Summary
Long-term hematopoietic stem cells (LT-HSCs) maintain hematopoietic output throughout an animal's lifespan. With age, however, they produce a myeloid-biased output that may lead to poor immune responses to infectious challenge and the development of myeloid leukemias. Here, we show that young and aged LT-HSCs respond differently to inflammatory stress, such that aged LT-HSCs produce a cell-intrinsic, myeloid-biased expression program. Using single-cell RNA-seq, we identify a myeloid-biased subset within the LT-HSC population (mLT-HSCs) that is much more common amongst aged LT-HSCs and is uniquely primed to respond to acute inflammatory challenge. We predict several transcription factors to regulate differentially expressed genes between mLT-HSCs and other LT-HSC subsets. Among these, we show that Klf5, Ikzf1 and Stat3 play important roles in age-related inflammatory myeloid bias. These factors may regulate myeloid versus lymphoid balance with age, and can potentially mitigate the long-term deleterious effects of inflammation that lead to hematopoietic pathologies.
LT-HSCs from young and aged mice have differential responses to acute inflammatory challenge.
HSPCs directly sense inflammatory stimuli in vitro and have a robust transcriptional response.
Aged LT-HSCs demonstrate a cell-intrinsic myeloid bias during inflammatory challenge.

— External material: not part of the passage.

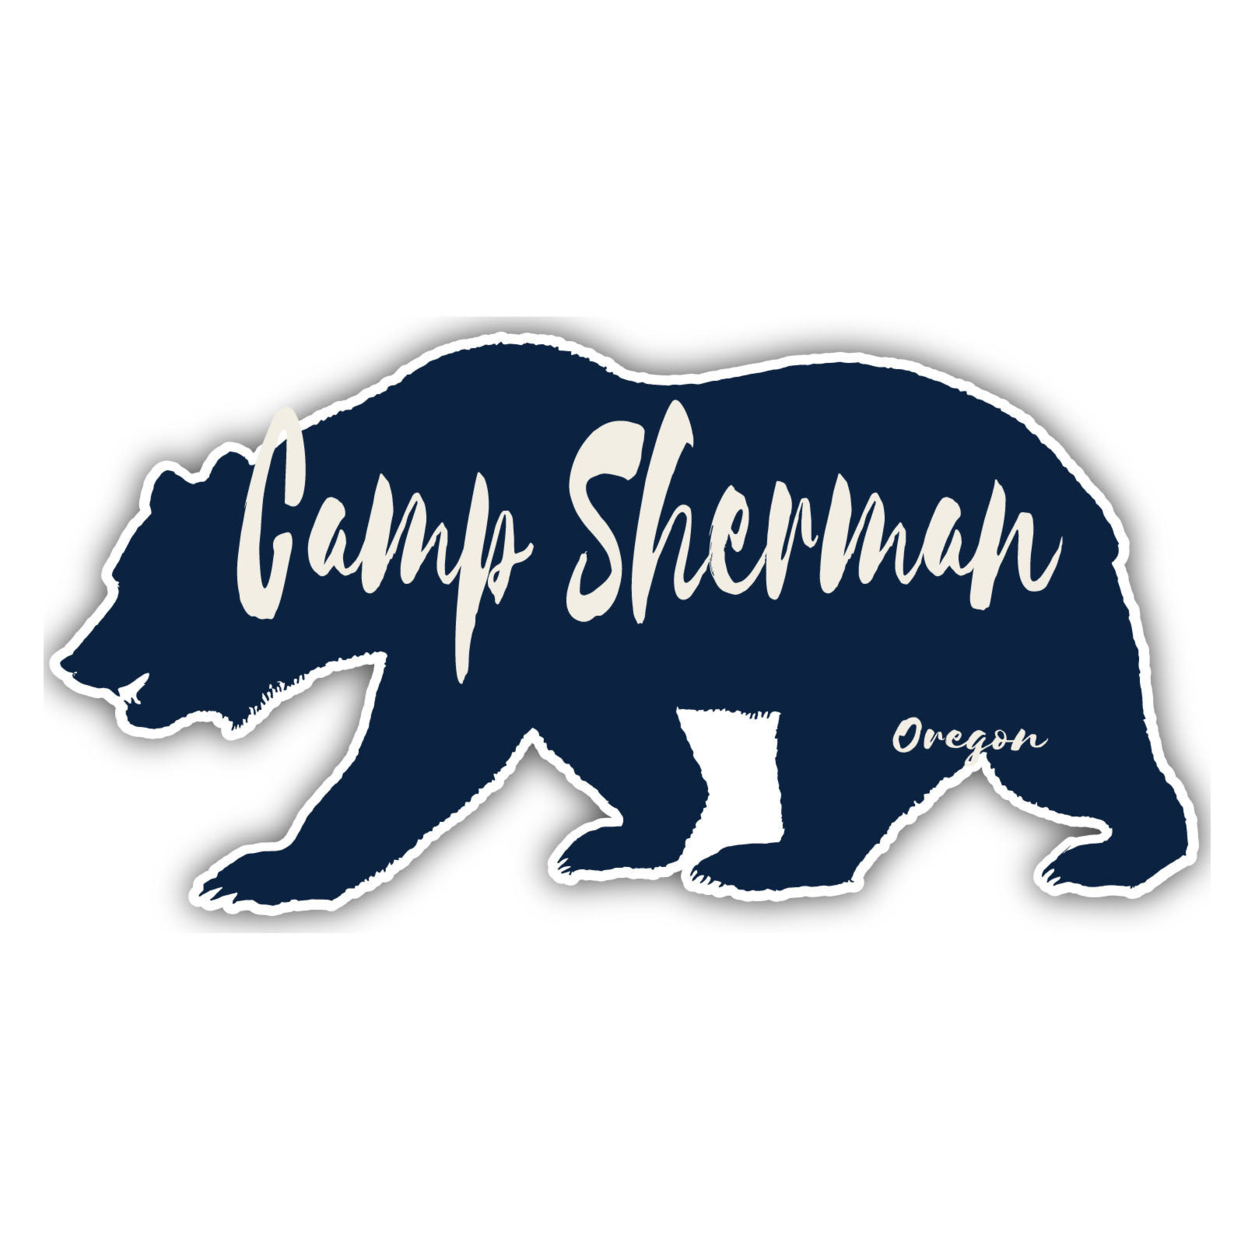 Camp Sherman Oregon Souvenir Decorative Stickers (Choose Theme And Size) - Single Unit, 12-Inch, Bear

Single-cell RNA-seq unmasked the existence of two subsets within the LT-HSC population that was apparent upon stimulation but not steady-state. One of the LT-HSC subsets is more prevalent in young and the other in aged mice.
Klf5, Ikzf1 and Stat3 regulate age‐ and inflammation-related LT-HSC myeloid-bias.
One sentence summary Murine hematopoietic stem cells display transcriptional heterogeneity that is quantitatively altered with age and leads to the age-dependent myeloid bias evident after inflammatory challenge.